[go: up one dir, main page]

Page MenuHomePhabricator

Wikibase Geographic coordinate changes may not propagate to GeoData database table
Open, Needs TriagePublicBUG REPORT

Description

List of steps to reproduce (step by step, including full links if applicable):

  1. Install a fresh wiki with Wikibase (client and repository) and GeoData extensions (without using CirrusSearch, with Scribunto)
  2. Import the Module:WikidataCoord and Template:Coord pages (and the modules they depend on)
  3. Create a Wikibase property with label "coordinate location" with the Geographic coordinates data type
  4. Create a new page with content "{{#invoke: WikidataCoord | main | {{#property: coordinate location }} | display=title }}"
  5. Create a sitelink to a new Wikibase Item for the new page
  6. Add the "coordinate location" property to the Wikibase Item
  7. Run maintenance/runJobs --wait to drain the JobQueue
  8. Change the value of the "coordinate location" property in the Wikibase Item
  9. Run maintenance/runJobs --wait to drain the JobQueue
  10. Check the coordinates displayed on the new page
  11. Check the latitude and longitude for the new page in the geo_tags table in the database
  12. Repeat steps 4-11 several times

What happens?:
On at least one of the pages, the geo_tags entry will not be updated with the new coordinates, even though the Wikibase Item and the coordinates displayed on the page are using the new coordinates correctly.

What should have happened instead?:

All of the geo_tags entries are updated to the new coordinates.

Software version (if not a Wikimedia wiki), browser information, screenshots, other information, etc:

Installed Software
MediaWiki1.36.1
PHP7.4.22 (fpm-fcgi)
MariaDB10.5.11-MariaDB
ICU67.1
LuaSandbox4.0.2
Lua5.1.5
Installed Skins
Timeless0.9.1 (80cc022) 18:56, 23 July 2021
Vector1.0.0 (b9deb92) 19:04, 23 July 2021
Installed extensions
Flagged Revisions– (c63cb4d) 19:16, 22 July 2021
CodeEditor– (e587a94) 12:59, 22 July 2021
WikiEditor0.5.3 (cf1d759) 14:23, 23 July 2021
ParserFunctions1.6.0 (d999660) 13:28, 27 May 2021
Scribunto– (ac71012) 21:34, 23 July 2021
TemplateStyles1.0 (e548bf1) 04:55, 28 May 2021
TitleBlacklist1.5.0 (67533b2) 05:07, 28 May 2021
WikibaseClient2ddf4cd (with patch)
WikibaseRepository2ddf4cd (with patch)
WikipartmentsGeocode0.1.0*
GeoData– (a788098) 04:31, 27 May 2021
WikipartmentsMessages0.0.0*

(versions with an asterisk indicate custom extensions of mine)

Root cause

The root cause is one of two possible things, depending on how you look at it.

  1. The GeoData onLinksUpdateComplete hook uses the parser output to get the coordinates. If the refreshLinks job does not occur after the associated htmlCacheUpdate job, GeoData will process old parser output that does not have the new coordinates, causing the geo_tags database to lag behind the actual Wikibase and page coordinate values.
  2. The possibility of jobs with (recursive) dependencies on other jobs being added to the job queue, but no way of recording or enforcing those dependency requirements. The ChangeNotification job creates both an htmlCacheUpdate job and a refreshLinks job. The refreshLinks depends on the htmlCacheUpdate job (and any jobs it creates), but there's no way for the job queue runner to know that or enforce an ordering because of that. This allows the jobs to be run out of order.
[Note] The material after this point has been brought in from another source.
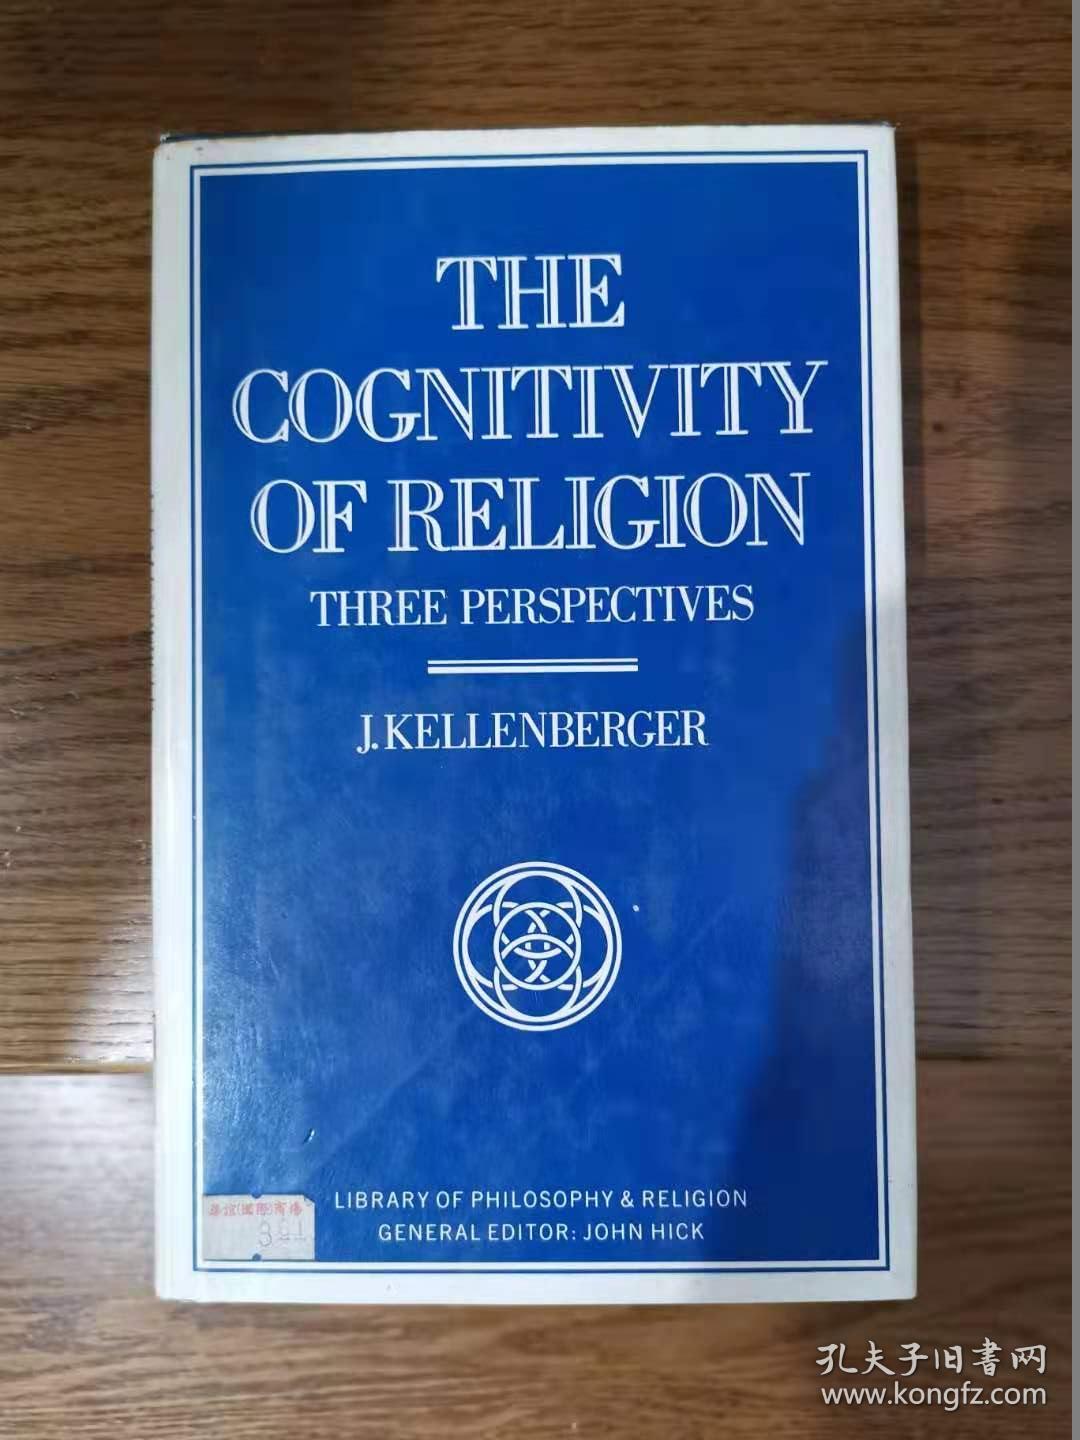 The Cognitivity of Religion: Three Perspectives

There are several ways the jobs involved can be run out of order, but the most common two I've seen are:

  1. The ChangeNotification job schedules a recursive htmlCacheUpdate job followed by a refreshLinks job. The random order processing of the queue (default) can cause the refreshLinks job type to be pulled from the queue before the htmlCacheUpdate job type
  2. The change notification job schedules a recursive htmlCacheUpdate job followed by a refreshLinks job. The job queue is processed in-order (either by chance or configuration). The initial htmlCacheUpdate job uses partitionBacklinkJob() to schedule more jobs to do the actual cache update. Theses jobs are behind the refreshLinks job in the queue, and since the processing is in-order, the refreshLinks job runs before the htmlCacheUpdate job(s) that do the actual invalidation.

Workarounds

  • Remove the ChangeNotification, htmlCacheUpdate, and refreshLinks job classes from the default queue (via $wgJobTypesExcludedFromDefaultQueue), run them explicitly in order (ChangeNotification then htmlCacheUpdate then refreshLinks) via runJobs.php --type. It's probably required to remove the other Wikibase Client job classes as well.

Note: this workaround has the potential to cause starvation of some of the job classes that are not run as default.